Qais al-Khazali leads the Asa’ib Ahl al-Haq movement, which split in 2006 from the Sadrist movement. Khazali currently has a hostile relationship with Sadr. Through his Sadiqoun bloc, Khazali won 18 seats in the 2018 elections and the ministries of culture and labor. He constantly attacks the United States and calls for the withdrawal of its forces from Iraq. He also attacks Saudi Arabia and the UAE and is one of the most prominent critics of the October 2019 protests. His armed faction participated in the battles against IS.
Ammar al-Hakim is the son of the late Shiite leader Abdul Aziz al-Hakim and grandson of the sect’s authority, Mohsen al-Hakim.

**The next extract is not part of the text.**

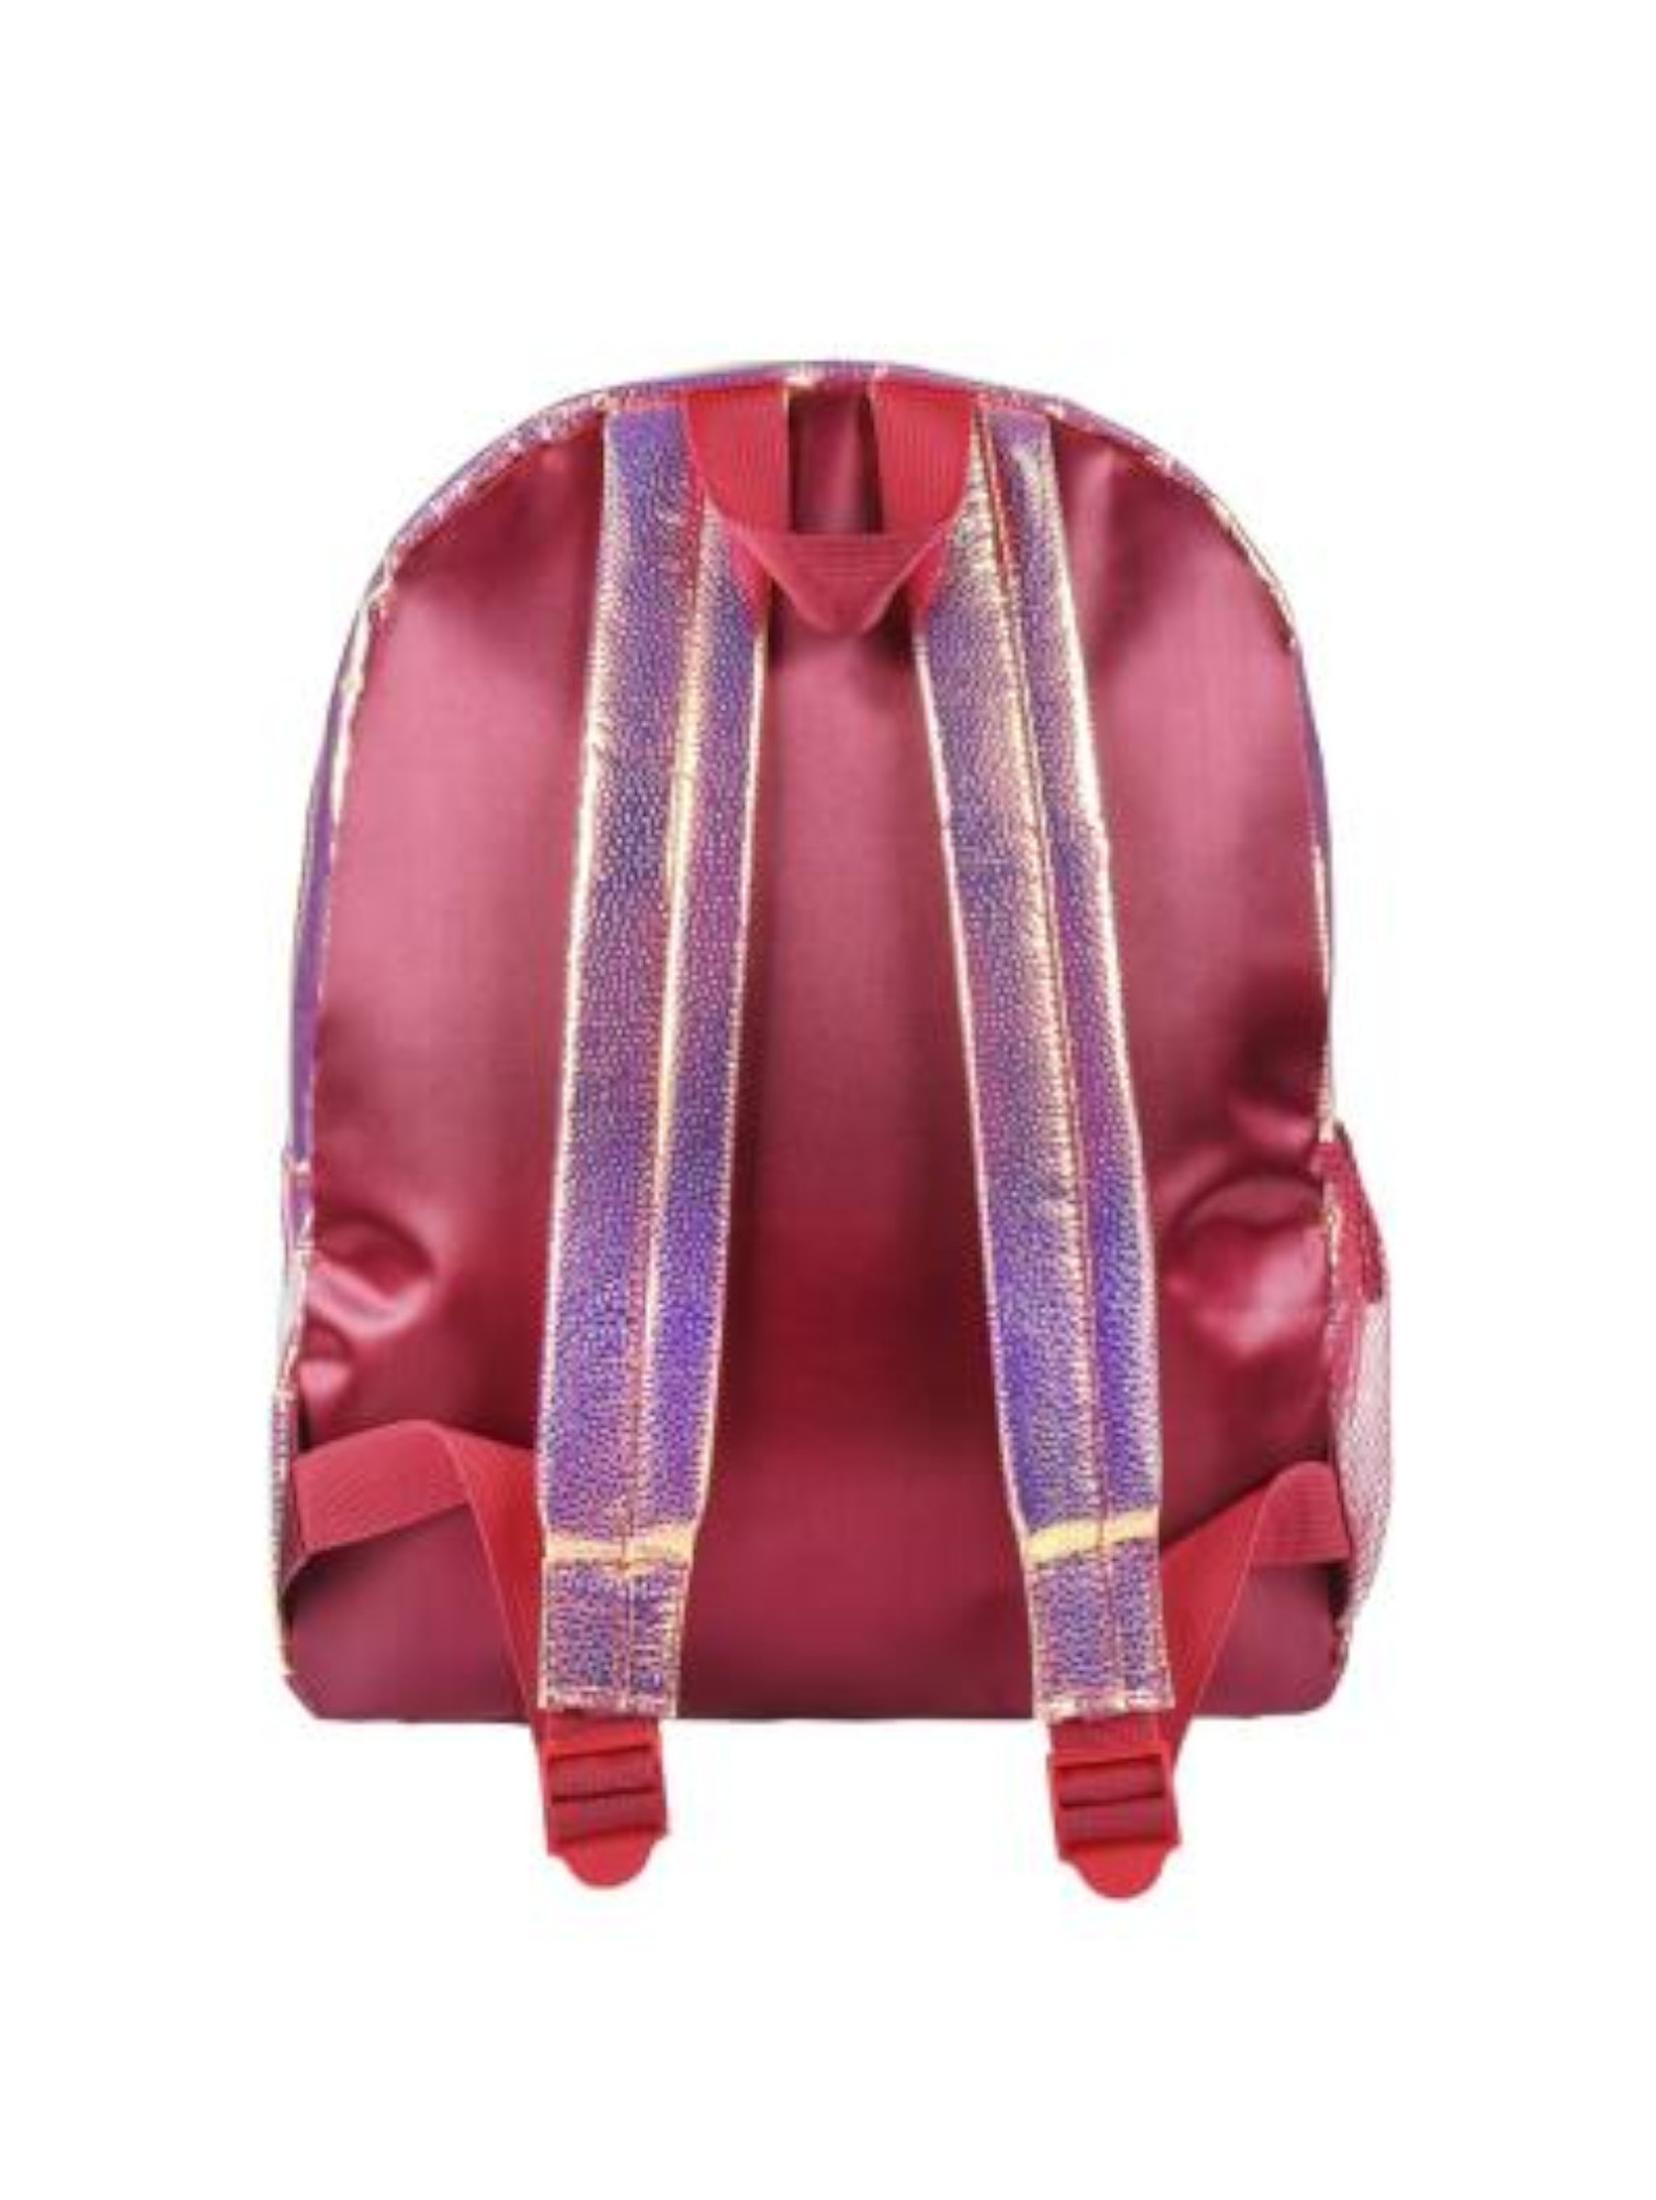 Plecak dla dziewczynki Fashion Minnie- różowy

He is known as a moderate Shiite leader and although he won only three seats in the recent elections, he enjoys personal and family political clout that allowed him to maintain a certain balance in the bloc. In 2017 he sought to breathe new life into the Islamic Supreme Council, which was founded by his uncle Muhammad Baqir al-Hakim in 1982, but he failed to effect changes due to the influence of hawks over the council. Therefore, he split from the council and founded the National Wisdom Movement, which won 17 seats in the 2018 elections. His moderate rhetoric has given him access to various powers including the United States, Iran and the Gulf states as well as Iraq's Kurds and Sunnis. A source in his movement who spoke to Al-Monitor on condition of anonymity called him “the only Shiite leader who currently does not have an armed faction.”

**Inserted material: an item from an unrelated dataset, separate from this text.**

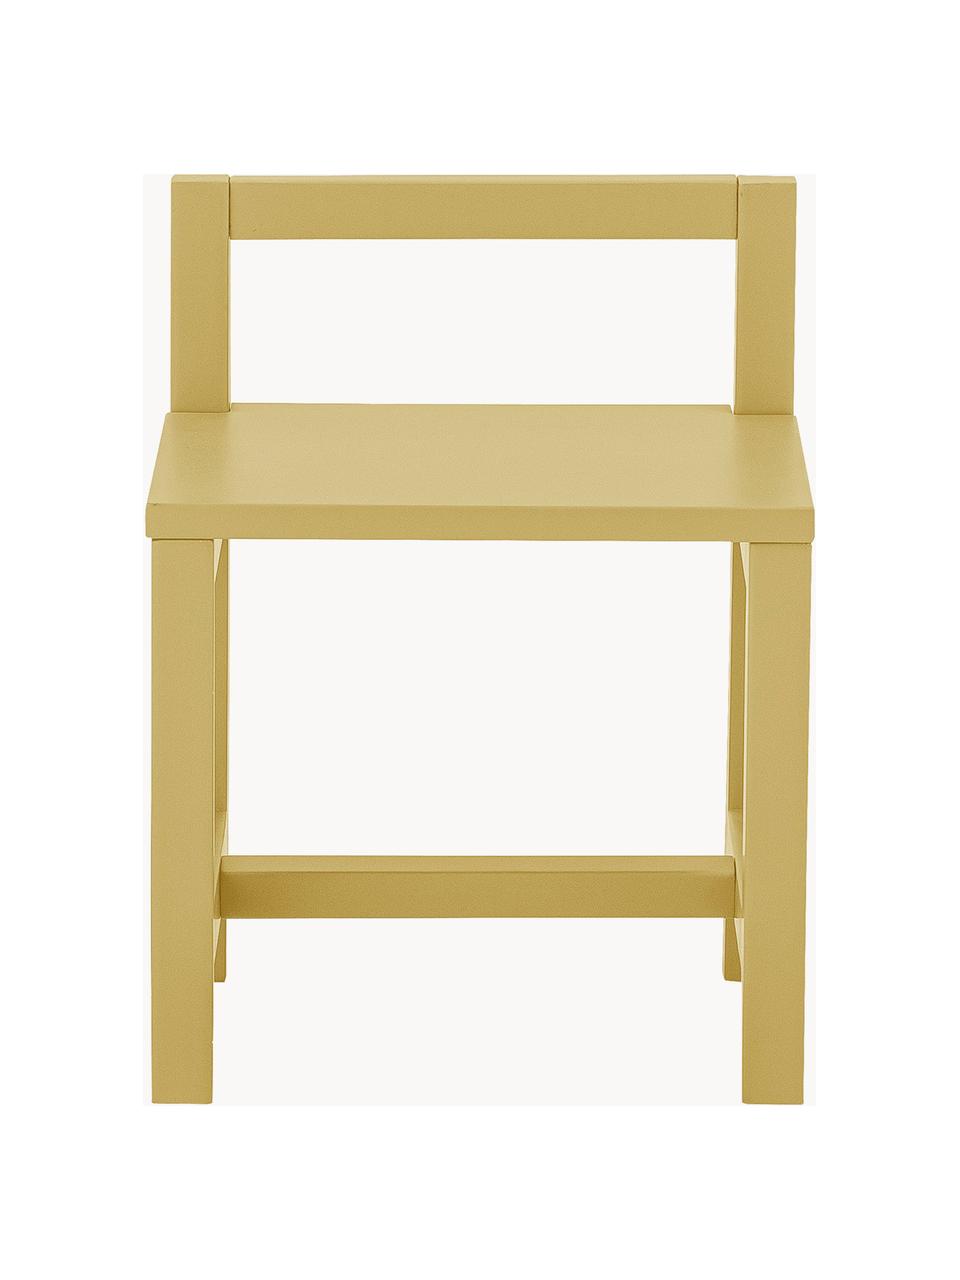 Dětská židle Rese, Dřevovláknitá deska střední hustoty (MDF), kaučukové dřevo, Kaučukové dřevo, lakované okrovou barvou, Š 32 cm, H 28 cm

Haider al-Abadi is the head of the Victory Alliance, which headed the Iraqi government between 2014-2018, and is considered a moderate Shiite leader. He belongs to the Islamic Dawa Party and was deemed one of its most prominent leaders until he resigned in 2019. His rhetoric is moderate. Though he tried to build his campaign on his legacy of victory against the Islamic State and defending Iraq's sovereignty against the Kurdistan referendum, he did only win one seat in the last elections in 2021.
Faleh al-Fayyad split from the Islamic Dawa Party and joined the National Reform Movement led by former Prime Minister Ibrahim al-Jaafari. He has headed the Popular Mobilization Units since its founding in 2014 and served as national security adviser and head of national security. He currently heads the National Contract Coalition, which has eight seats in the parliament.

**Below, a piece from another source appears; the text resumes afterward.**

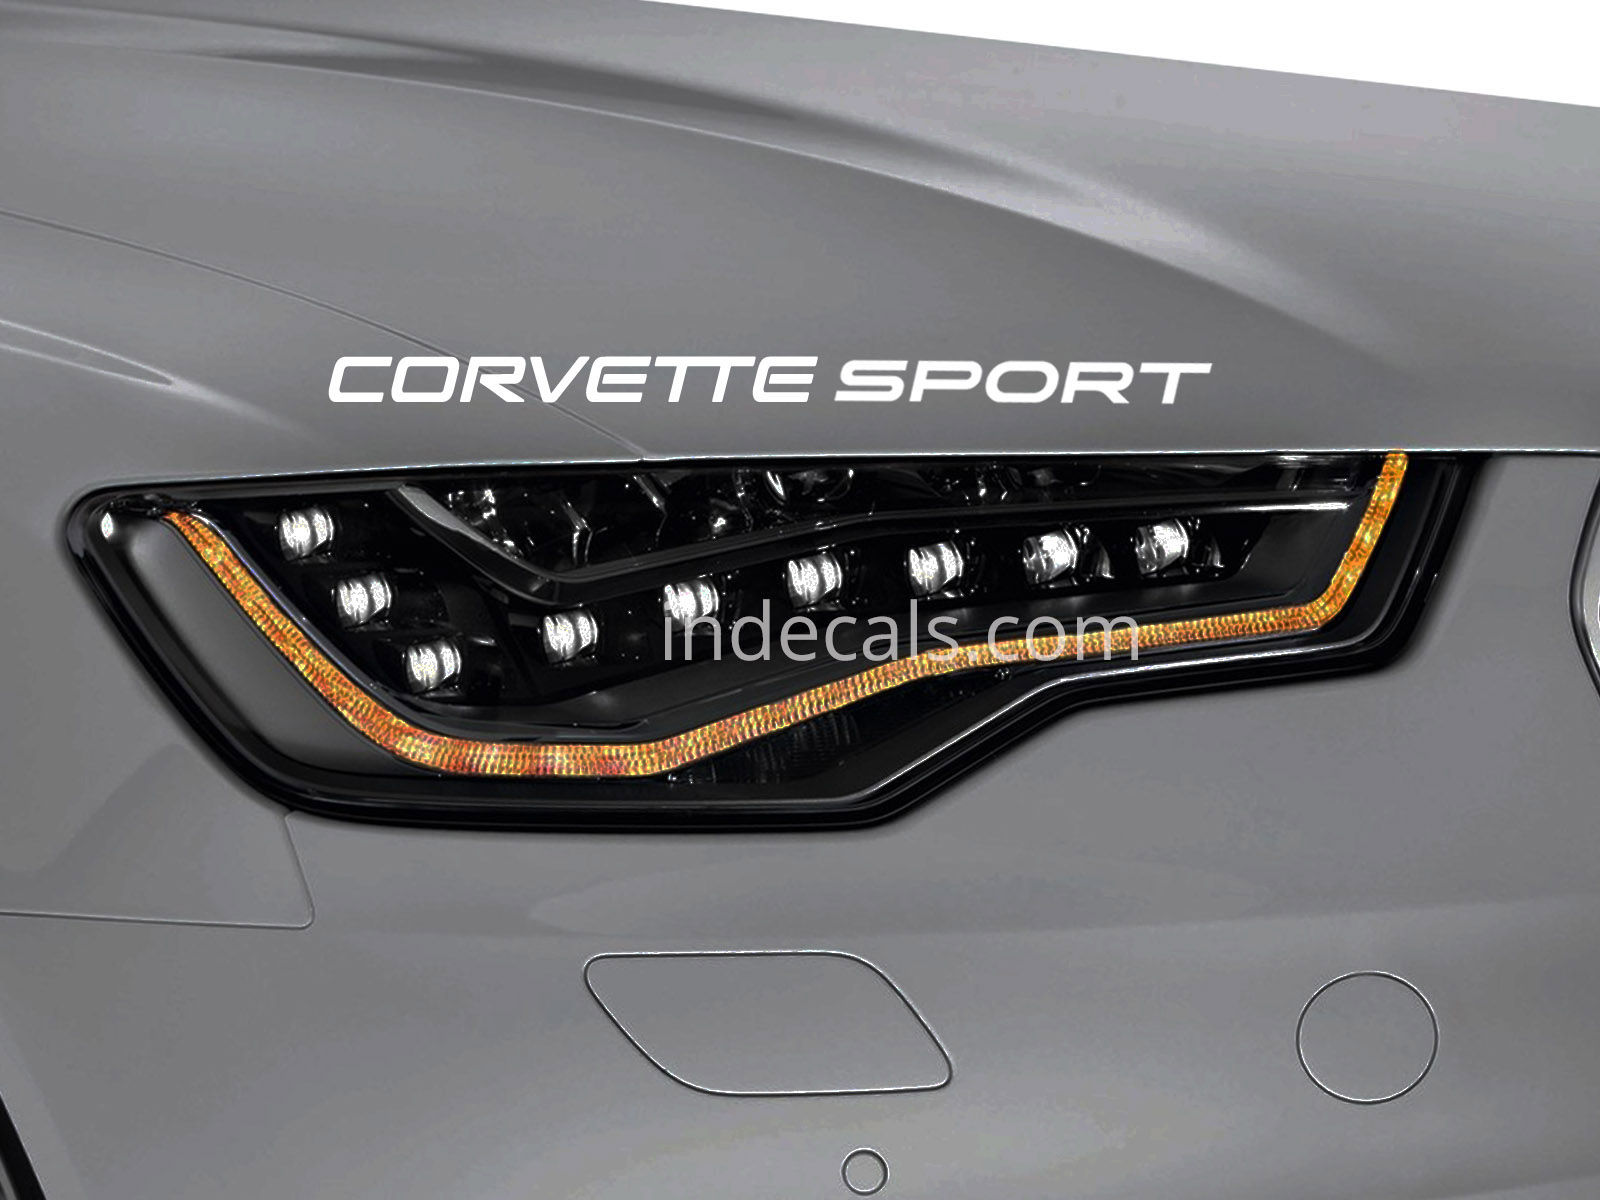 1 x Corvette Sport Sticker for Eyebrow - White

The Coordination Framework is not a political party or coalition, it is an umbrella for Shiite parties to coordinate. The Sadrist movement was a part of it before withdrew in early 2021. The Coordination Framework meets on a weekly basis but does not have a fixed headquarters. Its meetings are periodically held at the offices of one of its leaders.
While one cannot say that the bloc's leaders are on the same page, they are all pursuing a common goal of opposing Sadr, because they know that Sadr's growing influence means greater exclusion for them.
The forces of the Coordination Framework are in competition with each other, and the conflict worsened at the beginning of 2019 with an exchange of threats between the Wisdom Movement and the Asa’ib Ahl al-Haq movement. Likewise, Maliki believes that Abadi reached the premiership in 2014 by deception and at his expense.
Some of the groups are aligned with Iran. Amiri, Khazali and Fayyad have close relations with Iran, particularly the IRGC. The commander of the IRGC's Quds Force, Ismail Qaani, has attended some of its meetings, according to Al-Monitor's sources.
The only thing that brought the Coordination Framework together and united them is their conflict with Sadr. Without it, their sharp differences would cause them to quickly break up.